Ruby supports multiple programming paradigms with equal ease. In addition to its pure object-oriented style (even integers and the like are objects), it also supports a procedural style suited to one-off scripts: you can write code outside any class or function, as well as functions outside any class. (Ruby silently adds these functions to the Object class, maintaining the object-orientation behind the scenes.)
Most interestingly, for Java programmers looking for new and useful perspectives, Ruby supports the functional paradigm. You can use most functional programming constructs in Java, with some support from libraries such as Jakarta Commons Collections, but the syntax is clumsier. (See "Functional Programming in the Java Language" by Abhijit Belapurkar and Jakarta Commons Collections in Resources.) Ruby, though not a purely functional language, treats functions and anonymous blocks of code as full citizens of the language, which can be passed around and manipulated like any ordinary objects.
In Java, you often iterate over a collection's Iterator, running the logic on each element. But the iteration is just an implementation detail: in general, you are just trying to apply the same logic to each element of a collection. In Ruby, you pass a code block to a method that does just that, iterating behind the scenes. For example, [1, 2, 3, 4, 5].each{|n| print n*n, " "} prints the string 1 4 9 16 25; an iterator takes each element of the list and passes it into the code block as the variable n.
Functional programming is useful in wrapping code blocks with instructions to be executed before and after the block. For example, in Java, you can use the Command design pattern to ensure the opening and closing of a file, database transaction, or other resource. This burdens the code with the useless overhead of an anonymous inner class and callback method; in addition, there is the distracting rule that variables passed into the anonymous Command class must be declaredfinal. And to ensure that logic always executes at the end of a code block, the whole thing must be wrapped withtry{...}finally{...}.
In Ruby, you can wrap any function or code block, with no need for anonymous classes or method definitions. In Listing 2, the file opens, then closes after the write() method. No code is needed beyond the transaction() method and the code block.
Listing 2. Wrap a code block
File.open("out.txt", "a") {|f|
f.write("Hello")
}


Metaprogrammable language

You generally define your Java classes as source code, but you can also manipulate class definitions at runtime. This requires advanced techniques such as bytecode enhancement during class-loading. Hibernate, for example, inserts data-access logic directly into the business objects' bytecode, saving the application programmer from coding the extra data-access layer. But class manipulation, called metaprogramming, is practical only for infrastructure programmers: application programmers cannot usefully introduce these tricky and fragile techniques.
Even at development time, Java limits the developers' ability to change classes. To add an isBlank() method that tells you if a String is all white space, you'd have to add a StringUtils class with the static method (as Apache Commons does); logically, the new method belongs in String.
In Ruby, on the other hand, you can simply extend the built-in String class with a blank? method. In fact, because in Ruby everything is an object, you could even augment the Fixnum class, the equivalent of Java's primitive int, as shown in Listing 3.
Listing 3. Add method to built-in classes String and Fixnum
class String
# Returns true if string is all white space.
# The question mark indicates a Boolean return value.
def blank?() !(self = /\S/) end
en d
class Fixnum
# Returns 0 or 1 which in Ruby are treated as false and true respectively.
def odd?() return self % 2 end
en d
puts " ".blank? # true
# The next line evaluates if-then similarly to Java's ternary operator ?:
puts (if 23.odd? then "23 odd" else "23 even" end)

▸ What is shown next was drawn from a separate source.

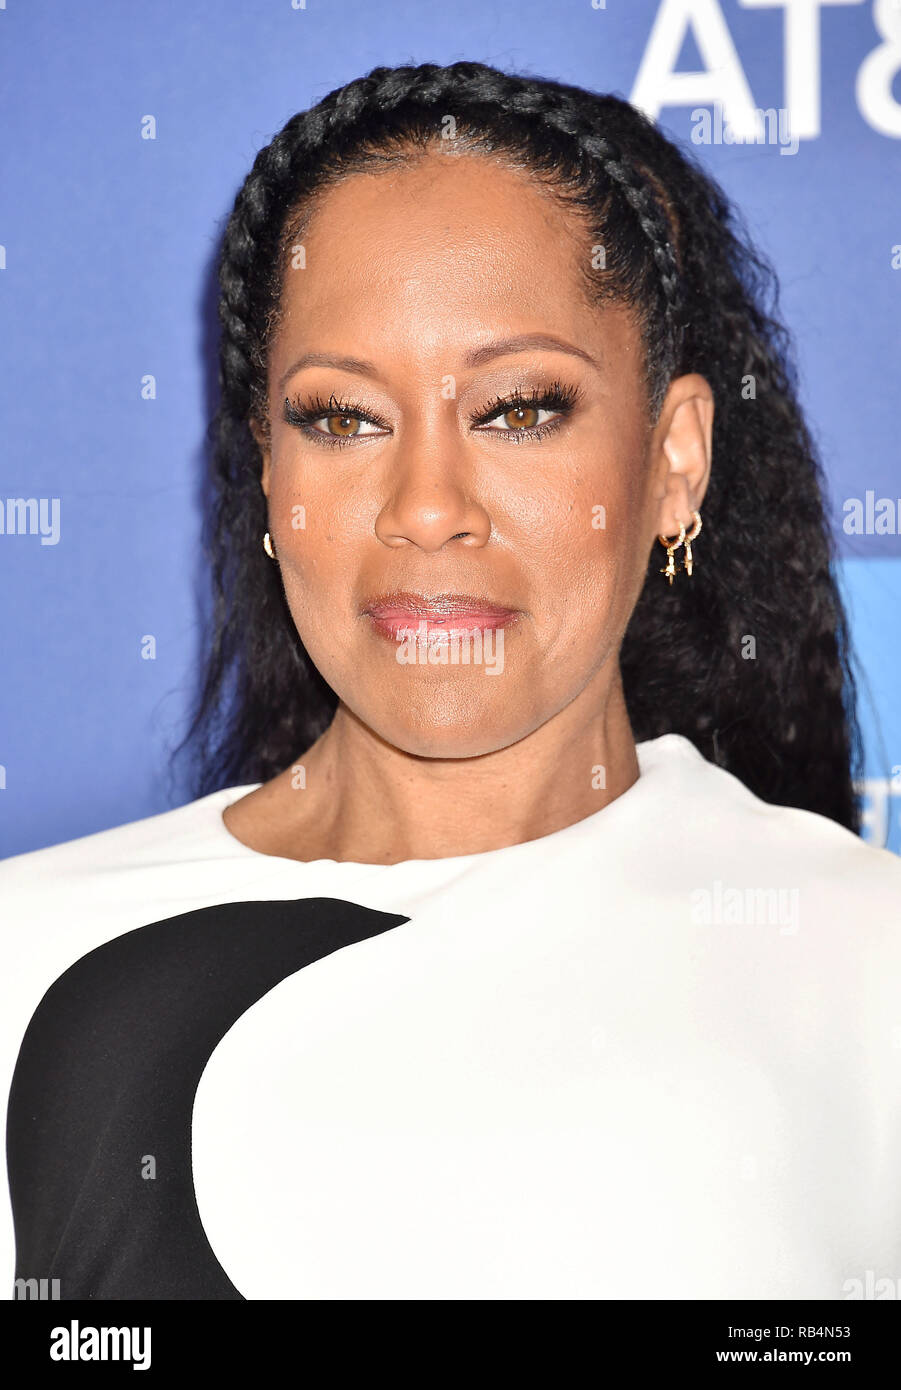 REGINA KING American film actress at the 30th Annual Palm Springs International Film Festival Film Awards Gala at Palm Springs Convention Center on January 3, 2019 in Palm Springs, California. Photo: Jeffrey Mayer Stock Photo

JRuby: Ruby in a Java world

As a Java programmer, you won't want to use Ruby in production until you can get it to interact with existing Java applications and libraries, which hold within them a tremendous variety of essential functionality. JRuby, an open source Ruby interpreter for the JVM, simplifies Ruby-Java integration. You can call Java libraries from Ruby, script Java applications with an embedded interpreter, or even use Ruby libraries from Java. Exactly the same Ruby code runs in JRuby and the standard Ruby interpreter, except where Ruby code calls into native (C-coded) or Java libraries.
The JVM is often contrasted with .Net's multilanguage Common Language Runtime as supporting only a single language. But in fact, the JVM executes not only Java, but also Python, JavaScript, Groovy, Scheme, and many other languages, which means that where necessary, Ruby code can interact with these languages as well
As of mid-July 2006, JRuby remains in prerelease mode (version 0.9). But it's catching up rapidly: a team of volunteers has released five versions since January 2005. JRuby's maturity is continually evaluated with a test suite that calibrates it against the standard interpreter, and it now passes more than 90 percent of the tests plus provides basic support for Ruby on Rails.
To try JRuby, be sure that Java SE 5 is installed and that JAVA_HOME is set. (Java Runtime Environment 1.4 was supported in JRuby 0.8.3 and below; it will be supported from the next patch release after 0.9.) Download the compressed file from the project's page and uncompress it. Set the JRUBY_HOME environment variable to the JRuby base directory. You can experiment interactively with jirb in the bin directory. For most purposes, you'll use the jruby interpreter—create a file and pass its name as a parameter to the jruby batch/shell script in directory bin.
In addition to running ordinary Ruby code, you can also use JRuby to construct Java objects, call Java methods, and inherit from Java classes. A Ruby class can even implement Java interfaces—necessary for statically calling Ruby methods from Java.
To initialize the libraries used for accessing Java from Ruby, start with require "java". Then specify the Java classes to use with the include_class method, for example, include_class "javax.jms.Session". You can include an entire Java package into a Ruby module with include_package. Like Java's wildcard package-import statement, it's advisable to avoid the namespace pollution of include_package; in JRuby, there is the additional penalty of a performance hit as the interpreter searches all packages for the desired class. Stick to include_class where possible.
The names of many Java standard classes overlap with the names of Ruby classes. To resolve collisions, pass a code block into the include_class function, returning a new name for the Java class, and JRuby will use this as an alias (see Listing 4).
Listing 4. Include a Java class with clashing name
require "java"
# The next line exposes Java's String as JString
include_class("java.lang.String") { |pkg, name| "J" + name }
s = JString.new("f")


Alternatively, you can create a Ruby module that includes the Java class definitions, but in a separate namespace. For example:
Listing 5. Java module importing multiple Java classes
require "java"
module JavaLang
include_package "java.lang"
end
s = JavaLang::String.new("a")


What's JRuby good for?

Dynamic languages like Ruby are most commonly used for specialized areas such as gluing other systems together; JRuby takes on this role in the Java world. For example, JRuby can pull data from one system, transform it and insert it into another. When the requirements change, modifying a JRuby script is as easy as changing a configuration file, thereby avoiding the complex compile-and-deploy cycle of Java integration code.
In addition to calling Java from Ruby, you can call Ruby from Java, making your application scriptable. With JRuby's minimal syntactic overhead, you can create an easy-to-use domain-specific language for users to work with For example, a gaming engine's scripting system can present Ruby classes describing characters, vehicles, and other game entities.
Moreover, with Ruby's dynamism, users can change definitions of scriptable classes. The Ruby objects allow direct method access to state and behavior. With Java, on the other hand, you typically pass around a Map with user-configurable keys, lacking the full functionality of objects.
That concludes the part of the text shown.